# To Glock or not to Glock



## NickAcker23 (Oct 1, 2014)

Hey everyone so I am looking at getting a new compact handgun I have had XD's and a Sig P320 I have always been happy with my XD's and with ones I have shot that friends own. My question is do I get a XD mod 2 or try out my first Glock with a Glock 19. The upside of the XD I can find one that is bi tone and imo it looks better. Looks won't save my life any better and I am sure I would be happy with either purchase but do I stick with what I know or try something new?


----------



## CW (Mar 20, 2015)

Sometimes you just have to flip a coin.

[ or a Beretta medallion] he he :mrgreen:.


----------



## paratrooper (Feb 1, 2012)

I only own one Glock, and it's a 21C. I've had no issues what-so-ever with it, but that hardly makes me an authority on Glock. 

I do really like the high-capacity mags I have for it. I think they are 33rd. models. Just goes to show that you really can have caliber & capacity at the same time. :smt033


----------



## Goldwing (Nov 5, 2014)

I would encourage you to ask why are the XDs referred to in the past tense, as in you used to own them. I know that I will never willingly part with my G19. It does everything that I want it to and does it all very well. 

GW


----------



## NickAcker23 (Oct 1, 2014)

The reason I parted with it was that I was trying to switch both my home defence and carry gun to the same caliber. So nothing about the gun itself. I mean I would love to own ever gun I could get my hands on. :smt033

My other question is should I try to find a gen 3 or 4 if I get the Glock?


----------



## paratrooper (Feb 1, 2012)

NickAcker23 said:


> The reason I parted with it was that I was trying to switch both my home defence and carry gun to the same caliber. So nothing about the gun itself. I mean I would love to own ever gun I could get my hands on. :smt033
> 
> My other question is should I try to find a gen 3 or 4 if I get the Glock?


I could be wrong, but from what I have heard, most people prefer the 3rd. gen. models.

My 21C is a 3rd. gen. model. I wanted it specifically.


----------



## rustygun (Apr 8, 2013)

I like the gen 4 glocks.

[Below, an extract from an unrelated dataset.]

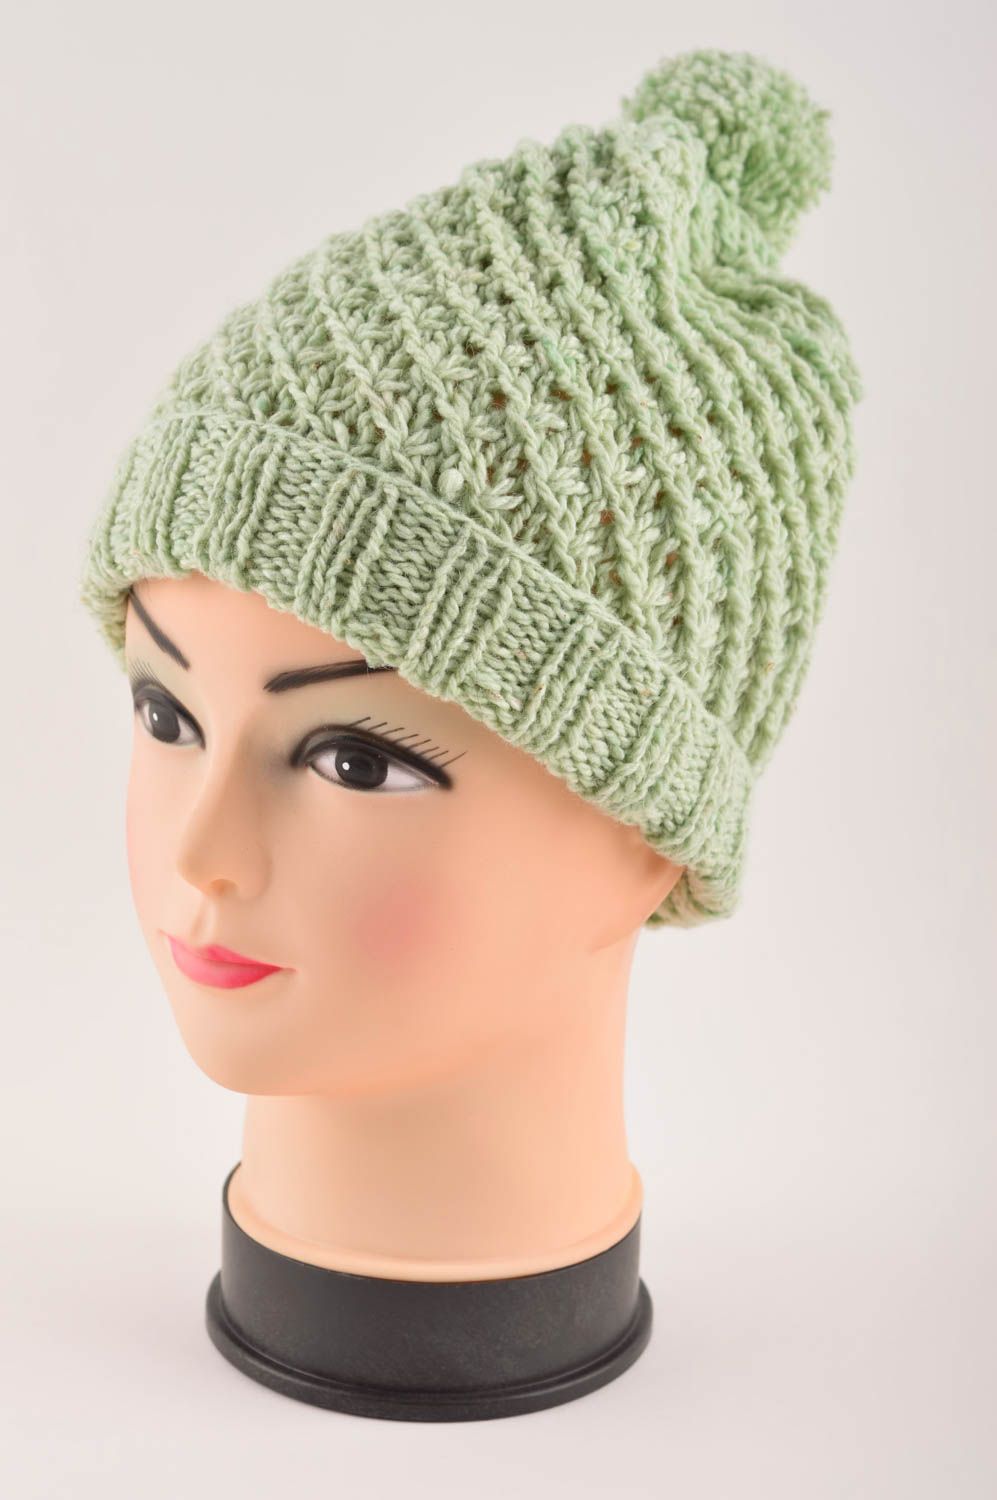 Helle gehäkelte Kindermütze handgemachte Mütze Kopf Accessoires schön grün foto 2

There are many people who really like their glock 19 's in either gen 3 or 4. You can get FDE glocks in either gen3 or gen4 if you chose glock. Nothing wrong with XD's either. With me me to glock or not to glock is always to glock. Great to have so many choices.


----------



## ybnorml (Nov 26, 2014)

I'll buck the trend and say go with the Mod2...for no other reason than: because that is what I carry:smt102


----------



## desertman (Aug 29, 2013)

NickAcker23:
You can't go wrong with either one. Just go with the one that feels best to you. If esthetics are important to you, go with the XD. Springfield is an excellent company who's products you could stake your life on. There are also many aftermarket parts for it if you wish to customize it. They are somewhat more difficult to completely disassemble than the Glock if you are not used to working on guns (more parts). I have both and can't pick a favorite.


----------



## NickAcker23 (Oct 1, 2014)

So after going to cabelas and holding and dry firing both I think I'm gana have to go with the Glock 19. My question now is what's a good price for a new Glock or do I pay the box store price of 570-600$?


----------



## Goldwing (Nov 5, 2014)

Buds has a G19 G4 @ $544 and a G19 g3 @ $504.

GW


----------



## berettatoter (Sep 1, 2011)

Six in one hand, half a dozen in the other on this one. The G19 will have a slightly longer barrel, but is a wonderful gun. I have looked at the MOD 2's, and they are a nice gun as well. I feel each is as good as the other in the quality department. It's a toss up for me. :watching:


----------



## Lee Hunter (May 25, 2011)

I highly recommend Glock generation 4 pistols.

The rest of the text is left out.